2.) Video game's graphics engine: some games will have a tendency to display tearing.

The games tested:
Rainbow Six Siege
Battlefield 1
Battlefield 4
Battlefield 5
Bioshock Infinite
Witcher 3
Sniper Elite 4
Dirt 4
Dirt Rally
Ashes of Singularity
Diablo 3
Starcraft 2
Dark Souls 3
CS GO
Metro 2033 Redux
Watch Dogs 2
GTA 5
Doom 2016

Really, I have experienced tearing in none of them although G-sync and v-sync are turned off.
So, does G-sync only help with 60 Hz monitors? I have no idea and I am curious to learn what they put a g-sync in those monitors.


----------



## Super XP (Jan 27, 2019)

You won't see tearing because your actual display monitor is 144 Hz regardless whether you have v-Sync or g-Sync enabled. Now if you had a 60 Hz monitor with say v-Sync disabled, you may see some screen tearing.
For example, my ASUS 75 Hz monitor had screen tearing in some games, as soon as I enabled v-Sync, no more tearing. But my other ASUS 144 Hz 2K monitor does not show tearing regardless if v-Sync is on or off. So I believe your assessment is correct.

Perhaps somebody else has an opinion on the matter.


----------



## the54thvoid (Jan 27, 2019)

You'd get tearing if the fps ran higher than your refresh rate but I think it's much more noticeable on lower refresh rates.

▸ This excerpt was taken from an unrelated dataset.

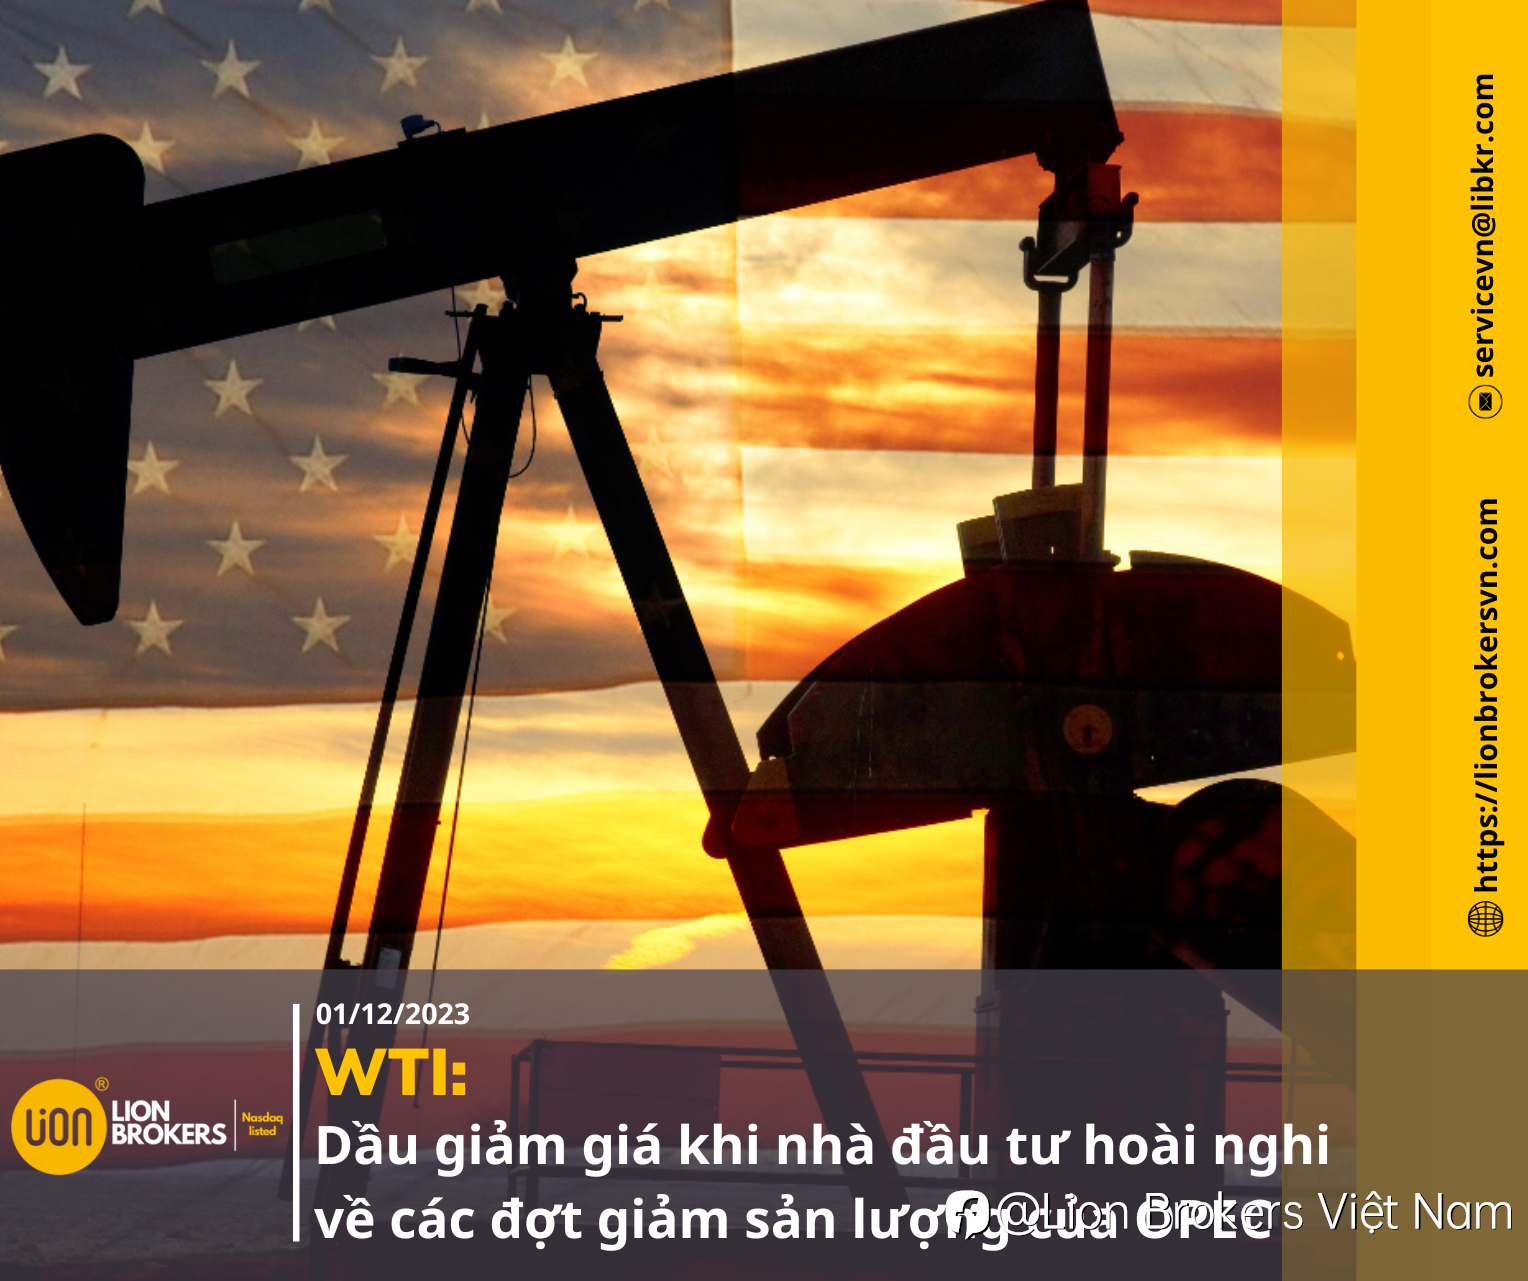 WTI: DẦU GIẢM GIÁ KHI NHÀ ĐẦU TƯ HOÀI NGHI VỀ CÁC ĐỢT GIẢM SẢN LƯỢNG CỦA OPEC

So, a game at 180fps on a 144hz should still show some tearing. VRR technology helps to keep things smoother still.

But given a choice of 60hz g-sync or 144hz, no gsync (or freesync), I'd go 144hz.


----------



## Space Lynx (Jan 27, 2019)

Super XP said:


> You won't see tearing because your actual display monitor is 144 Hz regardless whether you have v-Sync or g-Sync enabled. Now if you had a 60 Hz monitor with say v-Sync disabled, you may see some screen tearing.
> For example, my ASUS 75 Hz monitor had screen tearing in some games, as soon as I enabled v-Sync, no more tearing. But my other ASUS 144 Hz 2K monitor does not show tearing regardless if v-Sync is on or off. So I believe your assessment is correct.
> 
> Perhaps somebody else has an opinion on the matter.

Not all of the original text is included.